Analytics Vidhya
Published in

Analytics Vidhya

ML11: Hands-On Line Chart with Python

Drawing a satisfactory line chart by matplotlib.pyplot

Read time: 15 minPics, data & Python code: https://bit.ly/2UZftXq

Visualization always comes first when it comes to ML/DS project. Visualization help get insights of a given dataset, and through EDA (exploratory data analysis) we rely on visualization and other manners to prepare for building a performant model.

This data is the word counts of FOMC minutes from 1993/01 ~ 2020/09 after data selection and data pre-processing (by me), along with the Fed fund rate change after each FOMC. FOMC minute is released 3 weeks after every FOMC meeting.
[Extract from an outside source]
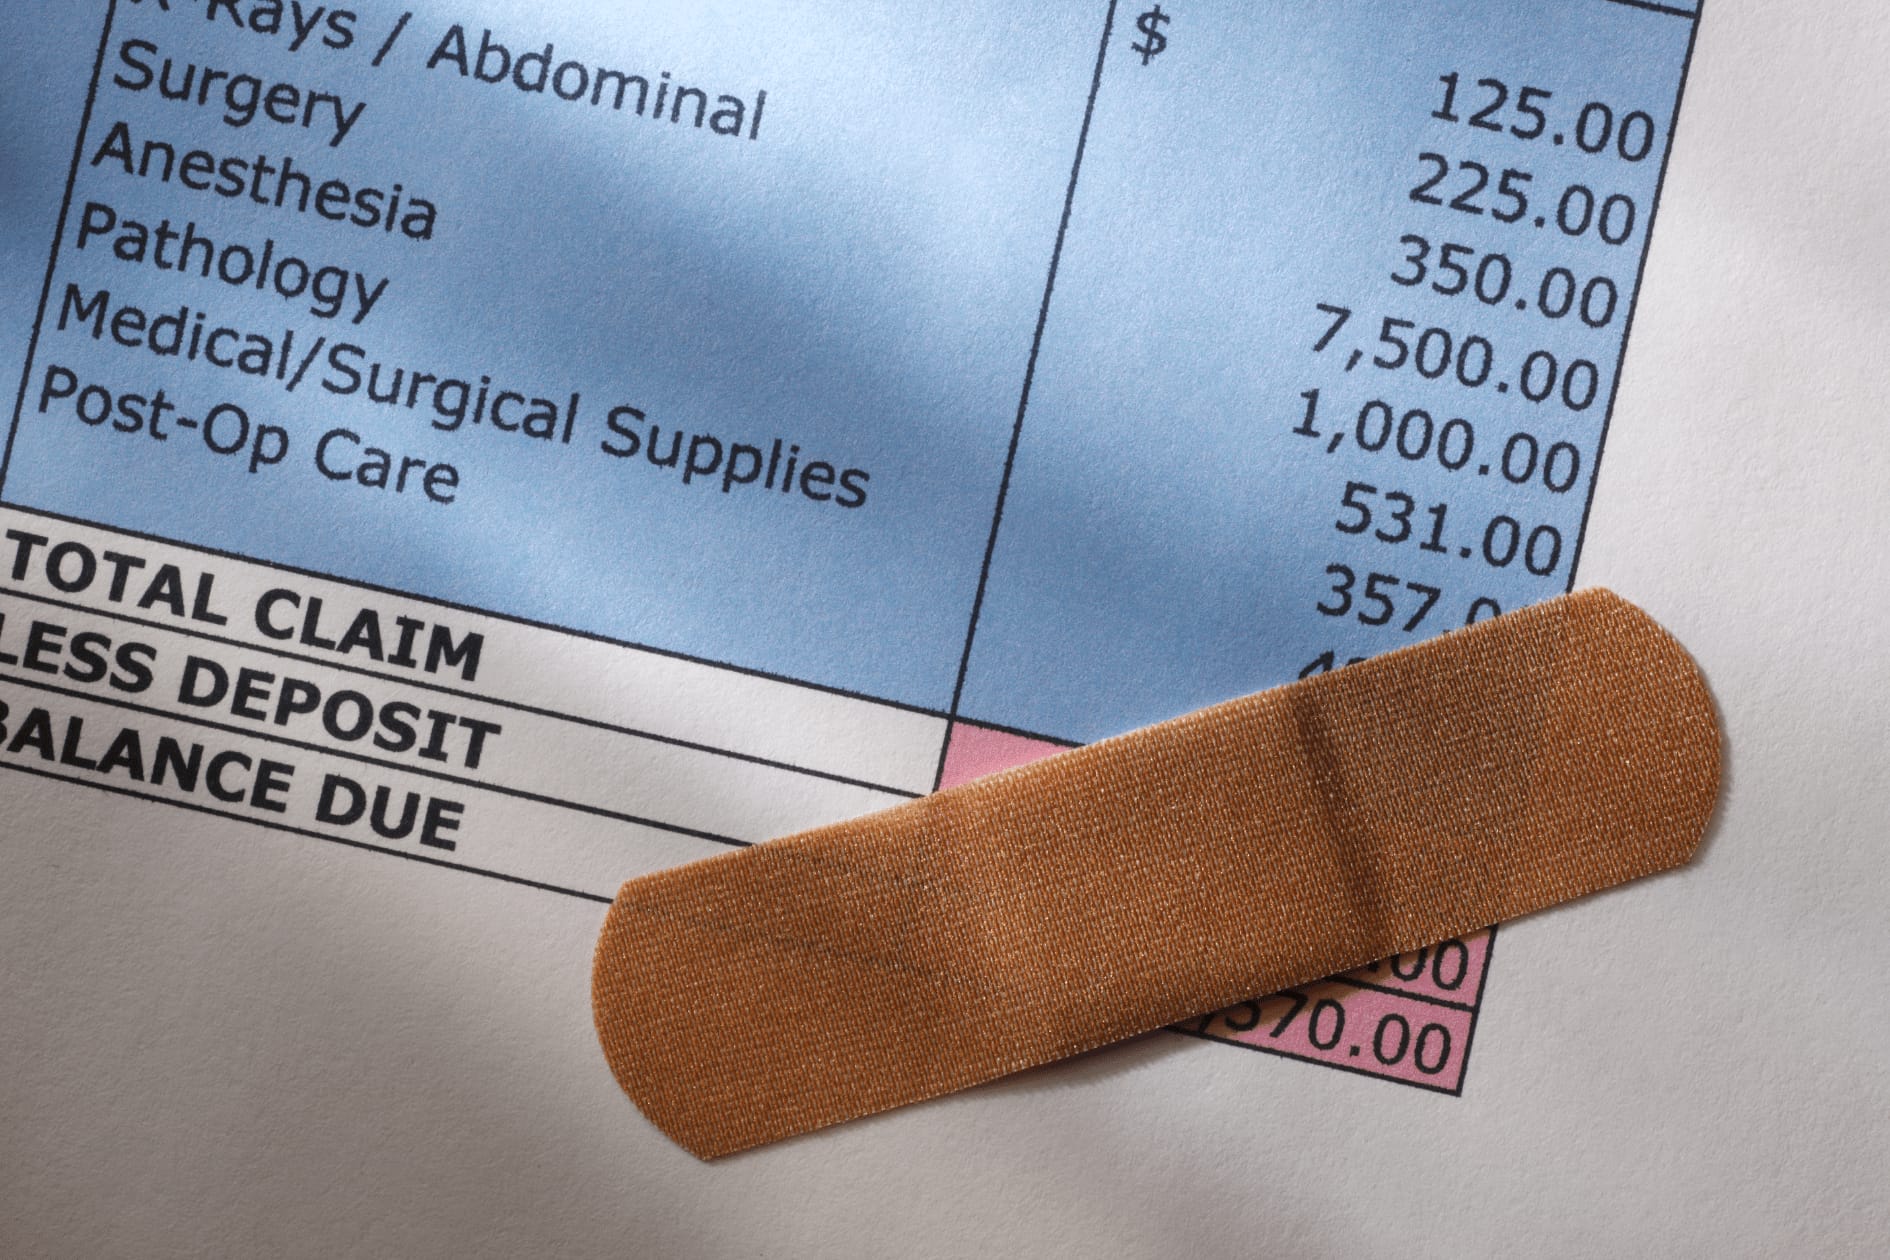 Eliminate Under-$500 Medical Debts on Credit Reports

The data sources come from FOMC minutes & FOMC’s target federal funds rate or range, change (basis points) and level.

(1) Importance of Visualization in a ML/DS Project

… that very different Machine Learning algorithms, including fairly simple ones, performed almost identically well on a complex problem of natural language disambiguation once they were given enough data. [1]
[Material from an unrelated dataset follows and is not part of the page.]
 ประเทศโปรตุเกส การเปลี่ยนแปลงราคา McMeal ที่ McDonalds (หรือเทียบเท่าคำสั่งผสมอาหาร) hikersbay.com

There are a couple of main challenges of machine learning as follows: [1]

  1. Insufficient Quantity of Training Data
  2. Nonrepresentative Training Data
  3. Poor-Quality Data
  4. Irrelevant Features
  5. Overfitting the Training Data
  6. Underfitting the Training Data
Figure 1: Peformances of algorithms given enough data

In a famous paper published in 2001, Microsoft researchers Michele Banko and Eric Brill showed that very different Machine Learning algorithms, including fairly simple ones, performed almost identically well on a complex problem of natural language disambiguation once they were given enough data (as you can see in Figure 1).

As the authors put it: “these results suggest that we may want to reconsider the tradeoff between spending time and money on algorithm development versus spending it on corpus development.”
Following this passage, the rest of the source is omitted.